Related: [What are the differences between git clone --shared and --reference?](https://stackoverflow.com/q/23304374/295004) — Morrison Chang, Nov 24 '21 at 07:49
This is just the documentation but does not actually explain what is getting copied and how the space is getting reduced........What i would like to know is what is the criteria for it to get reduced and what exactly is getting copied which shows 63 GB of FS — anish anil, Nov 24 '21 at 10:16
You may want to read: [10.1 Git Internals - Plumbing and Porcelain](https://git-scm.com/book/en/v2/Git-Internals-Plumbing-and-Porcelain) for lower level details of how git works. — Morrison Chang, Nov 25 '21 at 23:52

ElpieKay · Answer 1 · 2021-11-29T01:54:32.163

repo sync is roughly equivalent to git fetch && git checkout.

First, it fetches the revision (if it's a ref) or the upstream (if the revision is a sha1 value) specified in the manifest. The ref refers to a commit, and the commit links to its parent commit(s) and recursively till the root commit(s). Each commit refers to a tree object. The tree object refers to other trees, blobs and commits. All of these git objects and refs are git metadata. They are packed and transferred from the remote repository. Among them the blobs take the most space. The transition takes a period of time.

Then after all the repositories finish fetching the necessary data, the specified revision (if it's a sha1 value) or the head of the revision (if it's a ref) is checked out.
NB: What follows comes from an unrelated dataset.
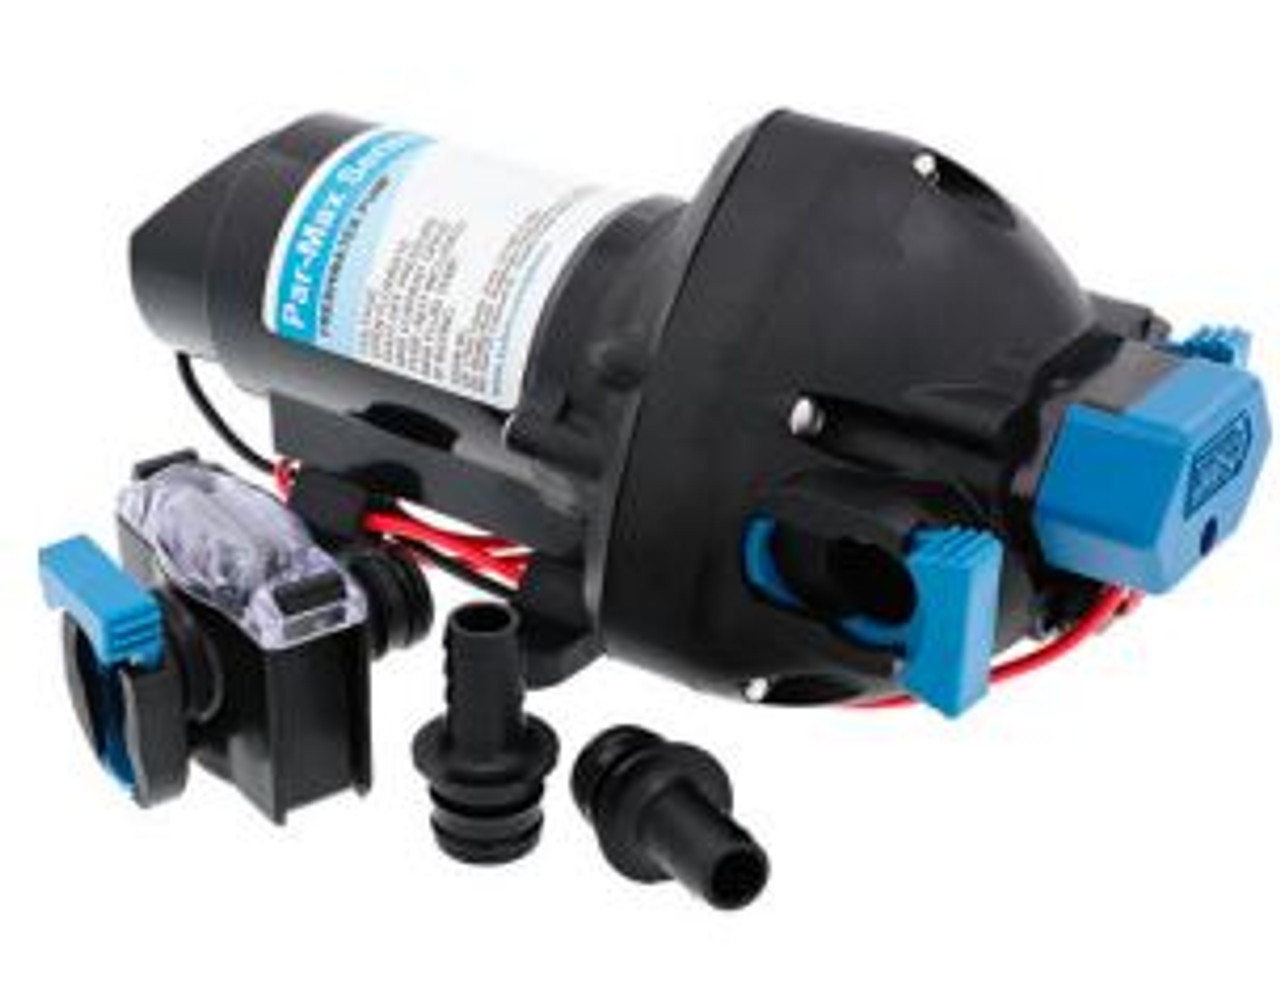 Par-Max 3.0 Freshwater Pump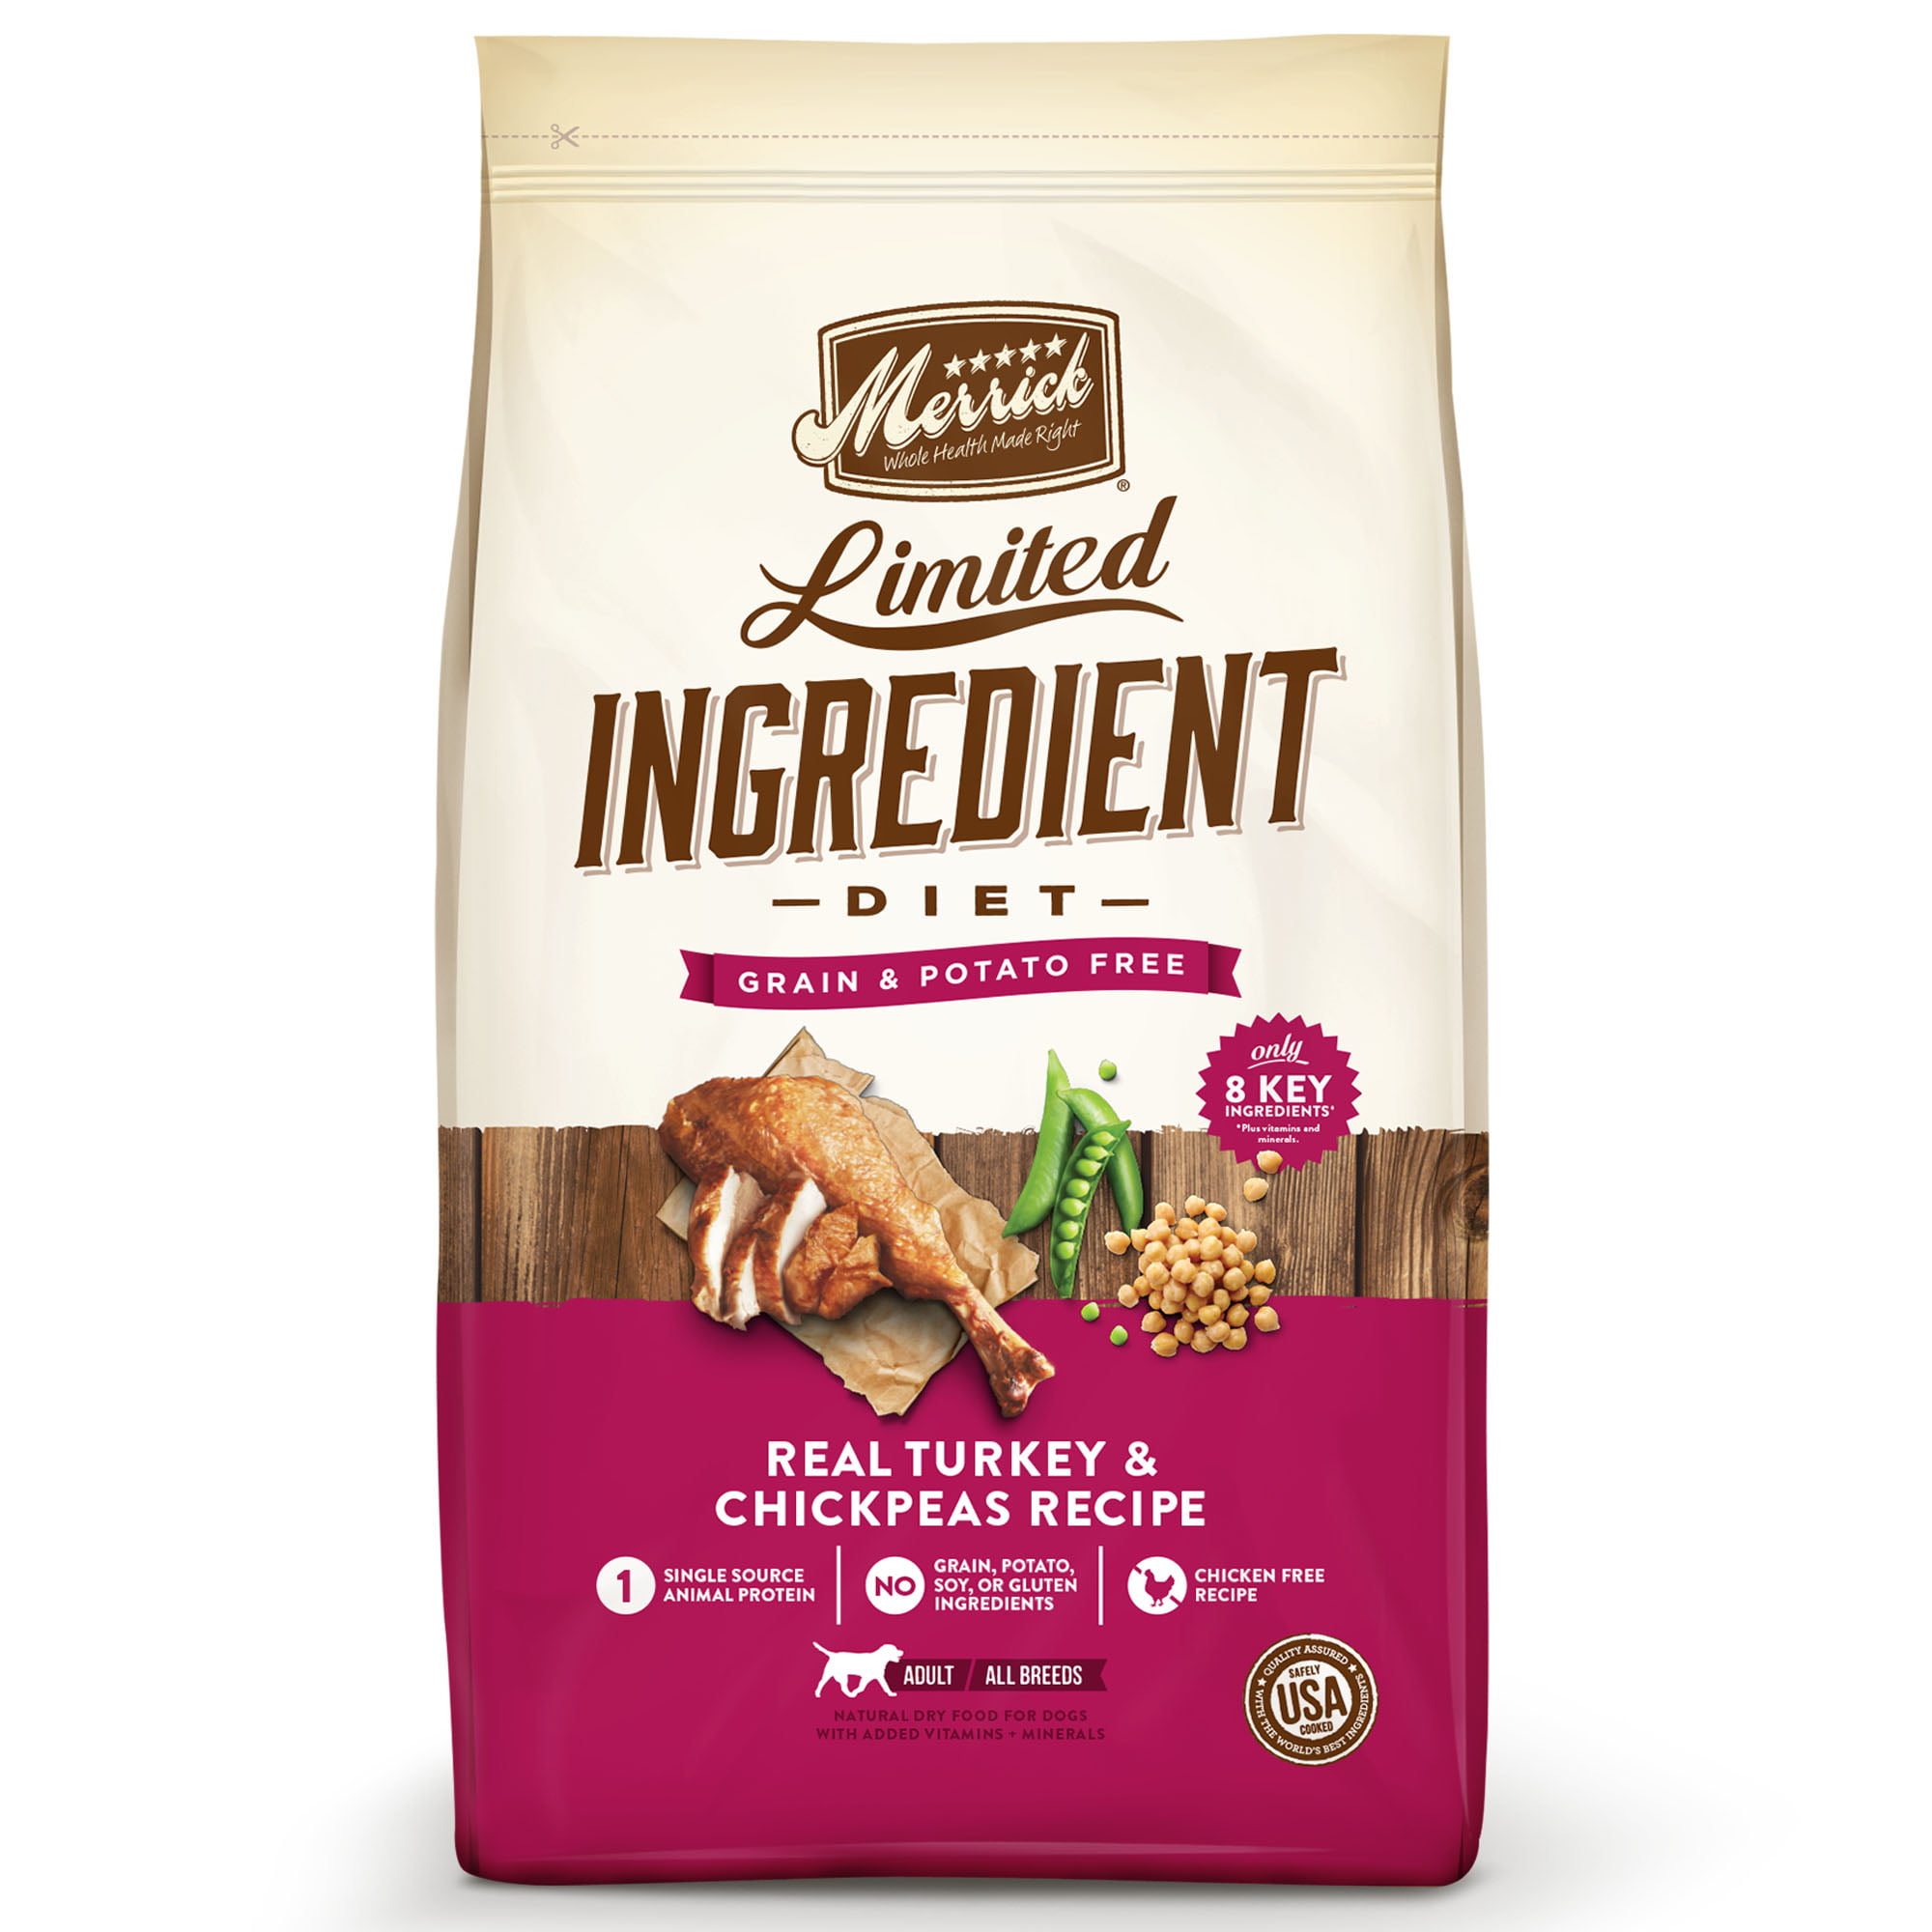 Merrick Limited Ingredient Diet Grain

The checkout takes a period of time.

To reduce the time, we could 1) improve the network performance; 2) improve the I/O performance; 3) reduce the fetched data size. In most cases we can do little about the 1st and the 2nd. As for the 3rd, repo has provided some options for us.

repo init -g <groups> instructs repo to download only the repositories specified by -g. Sometimes we don't need all the repositories.

repo sync -c instructs repo to download only the current ref specified by revsision or upstream. If a repository has a number of parallel branches or tags, -c helps to reduce much data. The -c flag can be specified by sync-c in the manifest.

repo init --depth=<n> instructs repo to do a shallow clone/fetch. It fetches n depths of commits only and thus reduces the number of the related objects. The depth can be specified by clone-depth in the manifest. Note that in the case where revision is a sha1 value and upstream is a branch, a shallow clone/fetch could fail when the revision is not within the n depth from the branch head.

Compared to --reference, all the above are just insignificant skills. To reduce the fetched data size, one idea is to exclude the unnecessary data as much as possible as the above options do, another is to reuse the fetched data as much as possible. This is what --reference does. To exclude the unnecessary data, we have to carefully think and decide which data are unnecessary, which is quite exhausting. It's much more comfortable to reuse the existing data.

The mirror is a group of existing repositories accessible from the local disk. They hold much data, some of which are necessary for a future repo sync and some of which are not, but we don't care. To sync with a reference to the mirror, git fetch reuses the existing data and the server only packs and sends the missing objects and refs which don't exist in the mirror. By and large, the more data the mirror holds, the less data repo sync fetches.

In development, we may have multiple users that login on to the same machine with different usernames, and there could be multiple machines for more users. We can mount the mirror to all these machines, so that all users (including the CI/CD bot users) can use it.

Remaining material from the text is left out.